И теперь у неё появилось дело, забравшее её всю целиком, – выходить брата. Всю силу неистраченной, прибывавшей, как весенний паводок, любвеобильности она обрушила на него.

Она исхудала. В серых глазах поселилась пепельная покойность, предвестница той тихой мудрости, которая появляется у много пострадавших женщин.

По мере того как восстанавливались силы брата, оживала и она, но это оживление не было возвращением прежней стрекозьей лёгкости – жизнь входила в Катю предчувствием тяжёлых тревог и готовностью встретить их со спокойной твёрдостью.

– Два месяца валяться. Это долго, Катенька.

– Долго.

– Я замучил тебя.

– Вовсе нет.

– А что за окном?

– За окном зима, метель.

– А ещё?

– Ещё власть новая.

– Как новая?

– Лежи. Ничего особенного не случилось. В ноябре в Омске адмирал Колчак арестовал Директорию и объявил себя верховным правителем России. А так ничего не изменилось.

– Ах, вон что!

– Это хуже или лучше?

– Один чёрт. Только личная диктатура всегда страшный террор.

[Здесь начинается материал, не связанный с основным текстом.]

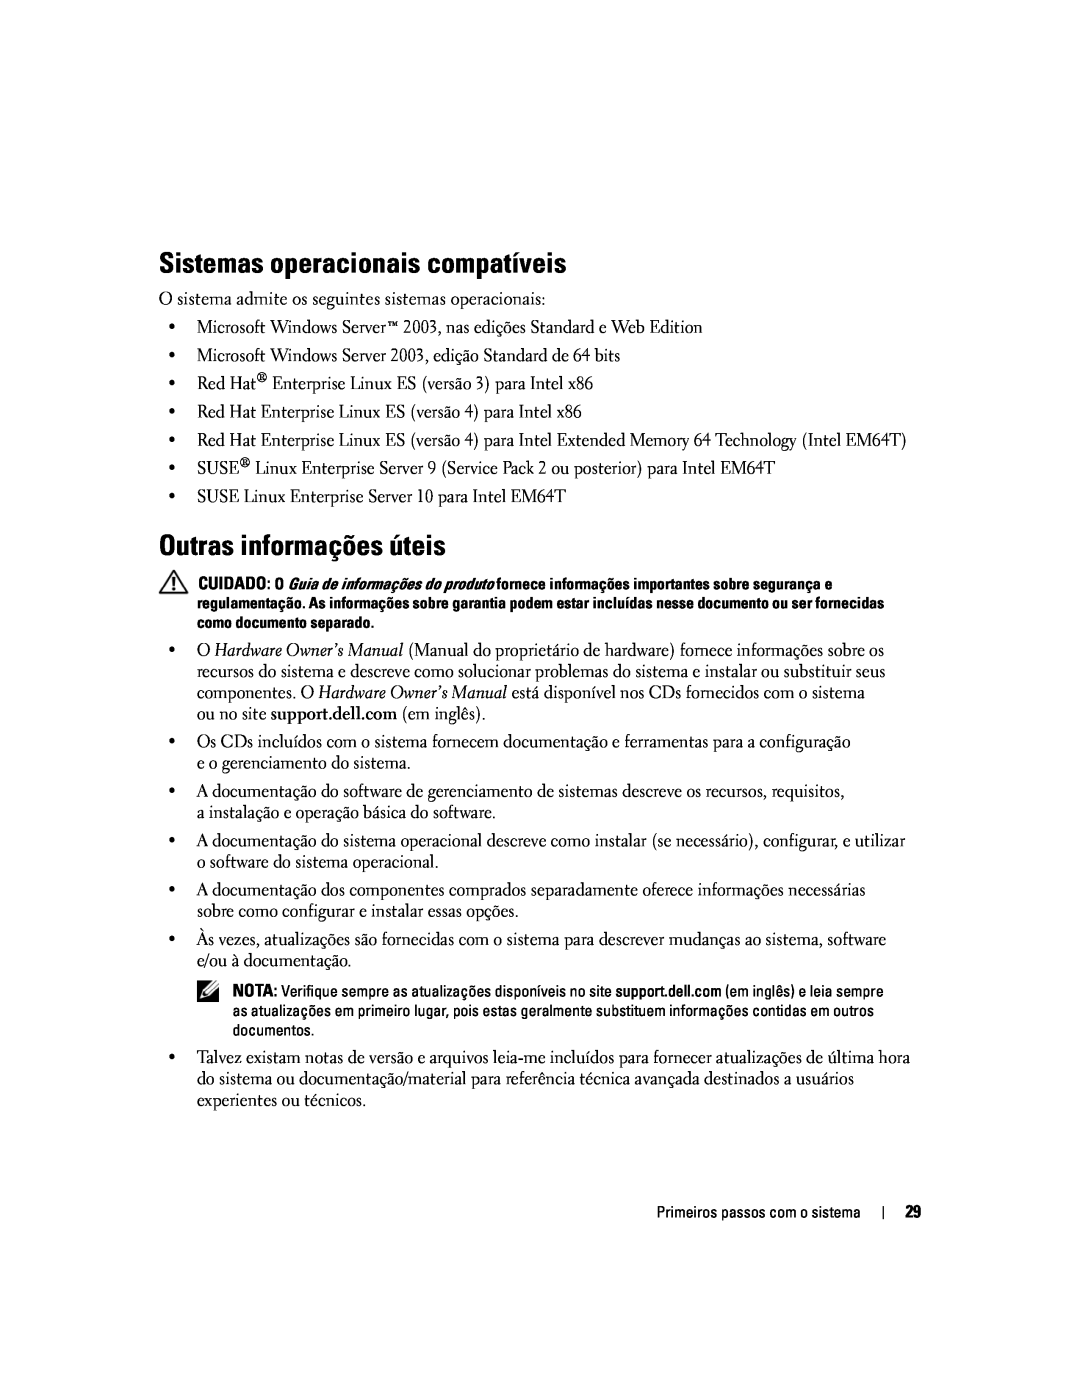 Dell MVT01 manual Sistemas operacionais compatíveis, Outras informações úteis

– А Черепахин радовался. Теперь, говорит, порядок будет.

– У него странные представления о порядке, Катюша. Я видел, как на фронте наводили порядок: расстреляли целую роту, чтобы другая поднялась и погибла на колючей проволоке… Этот адмирал командовал Черноморским флотом. За пятно на палубе он разжаловал капитана в мичманы… во имя порядка ни с чем не посчитается.

– А может, действительно прекратится эта дурацкая революция?

– Принеси мне газеты, – попросил он вместо ответа.

Газет в доме нашлось немного – Дмитрий Александрович не любил беспардонного газетного вранья и почитывал только «Биржевые ведомости», но они теперь не выходили, а в остальных читать было нечего – вести с фронтов противоречивы, грабежи и убийства стали привычными и никого не интересовали, а сообщения о новых торговых и промышленных фирмах зачастую оказывались обычными аферами. Александра же Дмитриевича интересовало буквально всё. Но читать долго он ещё не мог, и Кате пришлось отобрать газеты.

– Давай лучше разговаривать. Ты всегда молчишь и думаешь, а я думать молча не могу. Я только тогда умею думать, когда разговариваю, а так – одно что-нибудь крутится в голове, до конца никогда не додумывается. Я дура, да?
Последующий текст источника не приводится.